Attacker has to have access from the LAN side, and must install USB memory first.
The jokes on them because I use my neighbor's unsecured WiFi. I even use his pool when their not home. I'm a great neighbor.
I looked at some of the source code, and the bash commands they execute, and it looks like you have to be on the local (class C) lan in order to attack at least the Linksys beast (the 192.168.blah.blah sure looks like you can't get there from the WAN side), and if you have the services turned off, then you might be less vulnerable, and if you use hard, non-trivial, non-default passwords, that makes it harder too. I suppose it also helps if you have a router acting as a DNS server, after your WAN facing gateway, and the local DNS box not acting as the main switch (so to sum up, Gateway-DNS-Switch), with everything after the gateway as a Class C lan.
routers should route and probably run access control lists and other firewall stuff like expose some ports in your dmz.
servers should serve.
Servers route poorly, routers serve poorly.
I just recently installed a wlan router at a friends place. The goal was to make it rock solid and secure.
Here is what I did:
- Changed default username and set very strong password
- Changed web admin interface to non default high port, allow only https
- Only allow access to the admin interface from a specific ip/mac address
- Disable telnet and ssh acces
- Disable print server and usb samba share
- Disable upnp and all vpn/ipsec passthrough
- Enable statefull firewall, connections must originate from inside lan, everything else does not pass the wan interface
- Disable dns cache and use the dns servers from the isp (served via dhcp)
- Enable wpa2 for wlan with max password length.
So far it sails smooth and no complains. No need to activate all these settings on the routers.
The LAN side access isn't difficult with WIFI, and the ATTACKER doesn't need to plug-in his own USB, having any USB plugged in will activate the unauthenticated SMB.
The take-home message, then, is don't plug USB storage into your router, and do use WPA2, not earlier WiFi security protocols.
It's worrisome because although NAT is not designed to take the place of a firewall, in fact it often does. For home or SOHO users, it's actually reasonably good as a firewall. They "should" have better, you might argue, but in fact they don't, most often. IPv6 removes the need for NAT, possibly leaving many SOHO users with no firewall-like protection.
You can have NAT with IPv6 - I believe there's even an RFC for it, and an implementation on FreeBSD. Linux did get patches that were rejected. Hell, there's even NAT-PT, which lets IPv4-only hosts access IPv6 only hosts (and vice-versa). Imagine that - we could switch and continue life as we know it, and don't care if we're talking to an IPv4 or IPv6 host.

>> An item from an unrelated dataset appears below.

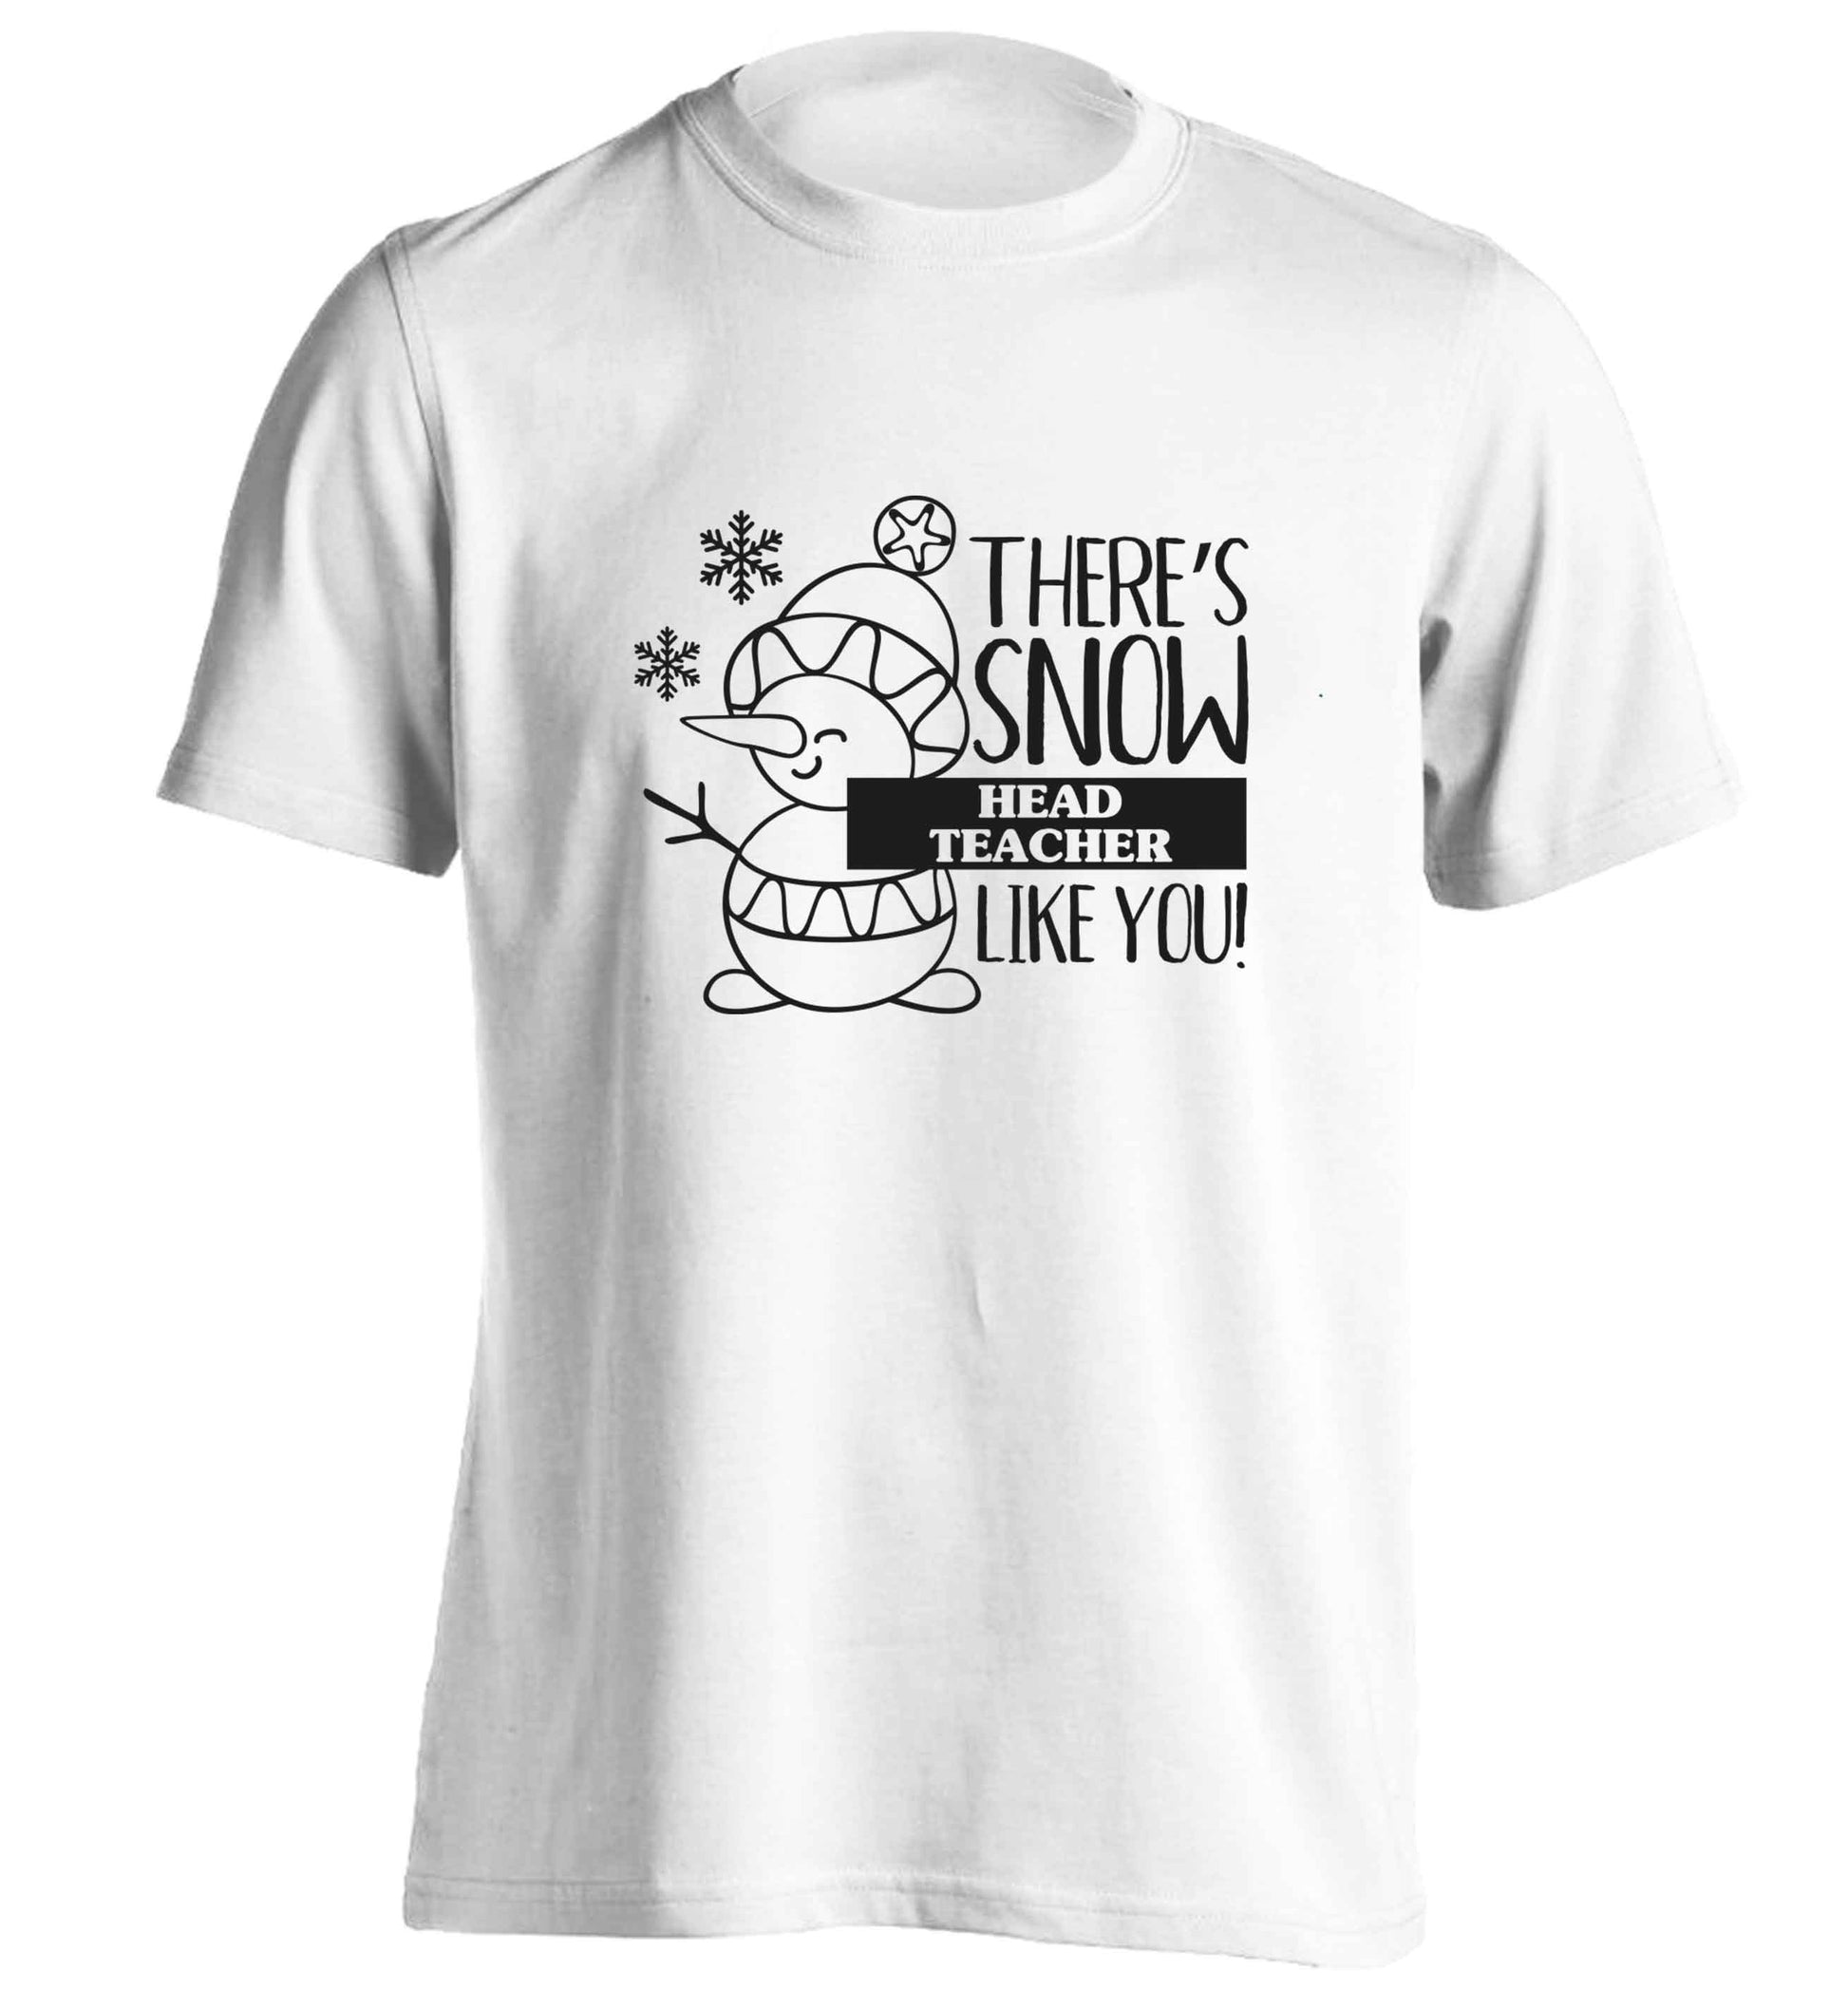 There's snow head teacher like you adults unisex white Tshirt 2XL

NAT has an awesome advantage - it isolates your internal network numbering from the external network numbering. Many early RFCs on the early Internet were fixated around people having to renumber their networks because of conflicts in their network addressing, and enough people had trouble that they created the private address space so future networks will not have to undergo such renumberings and disruption.
It certainly would be nice to be isolated from my ISP's whims and wishes for most of my stuff on the network. Sure I'll have to deal with it for a few servers I have, but I'd rather do it for a few than for every.

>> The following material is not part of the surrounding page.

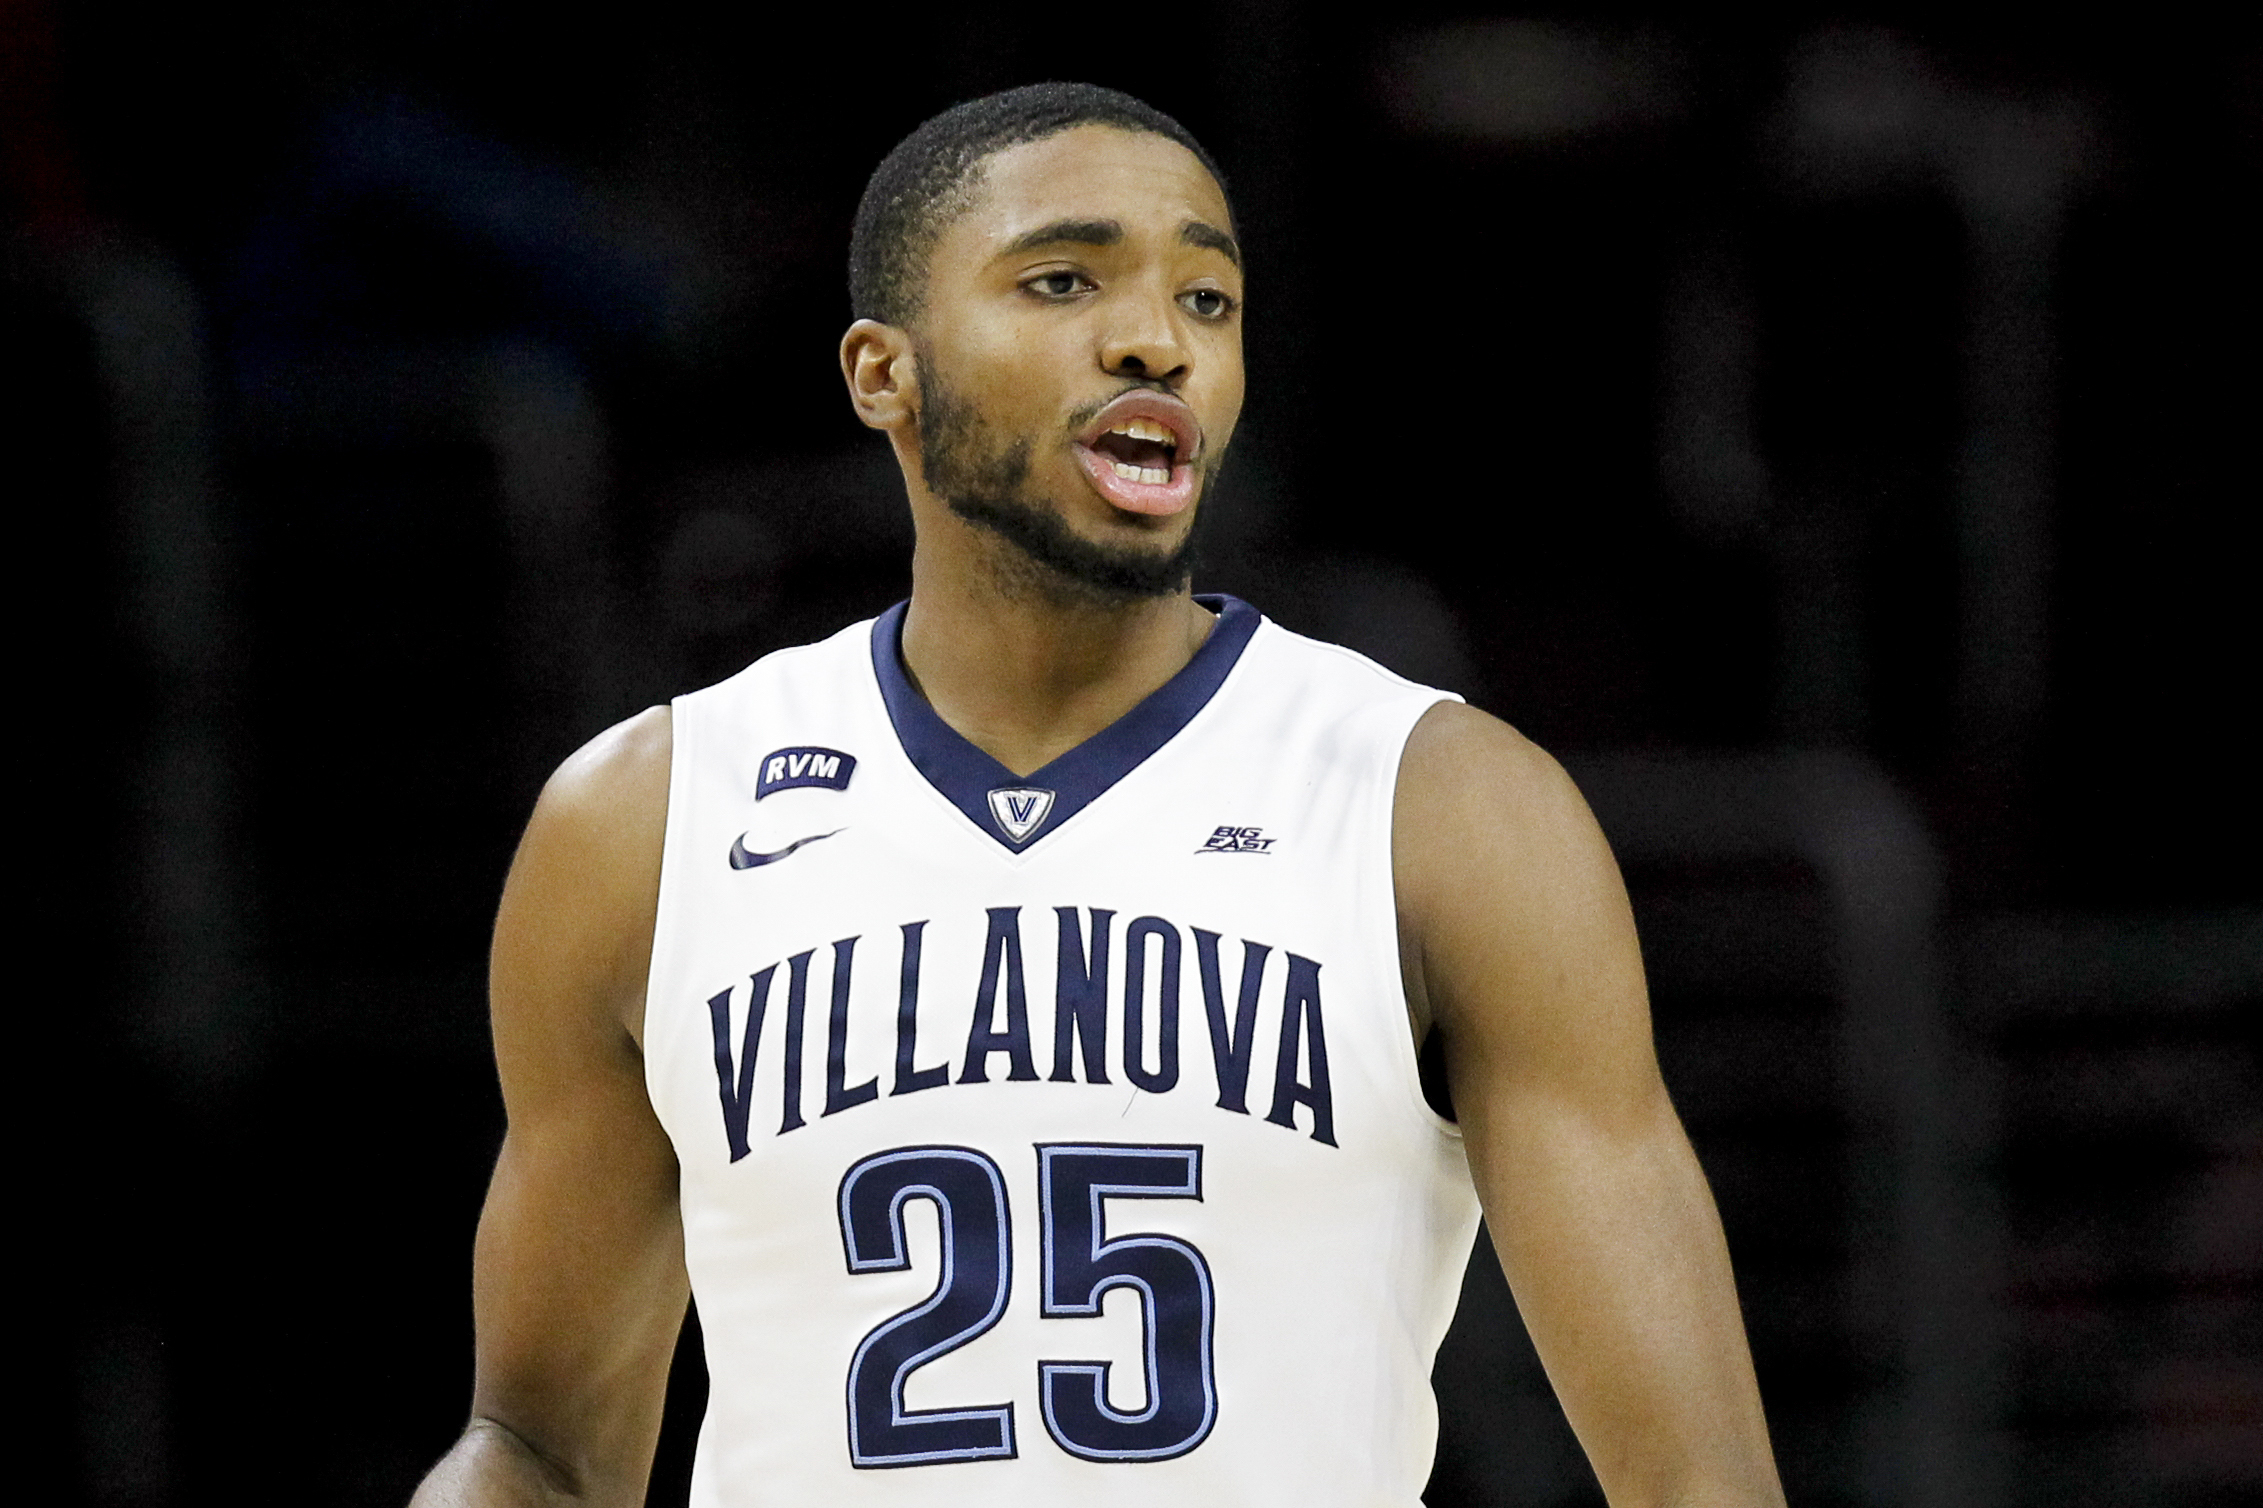 Top NBA draft prospects, No. 10: What Mikal Bridges offers and why

Of course, the problem is the IPv6 fanboys who believe IPv6 means complete end-to-end connectivity again and that NAT has absolutely no use in an IPv6 world and even suggesting NAT impacts IPv6 "purity" that keeps IPv6 adoption from happening widely. Of course, end-to-end connectivity is broken anyways with proper firewalls (at least a program can detect private network access and assume firewall usage, but with IPv6, it's impossible).
And I'm sure people would prefer to have IPv6 to operate like IPv4 did with NAT as it's a lot less to learn and things work on IPv6 as they did with IPv4.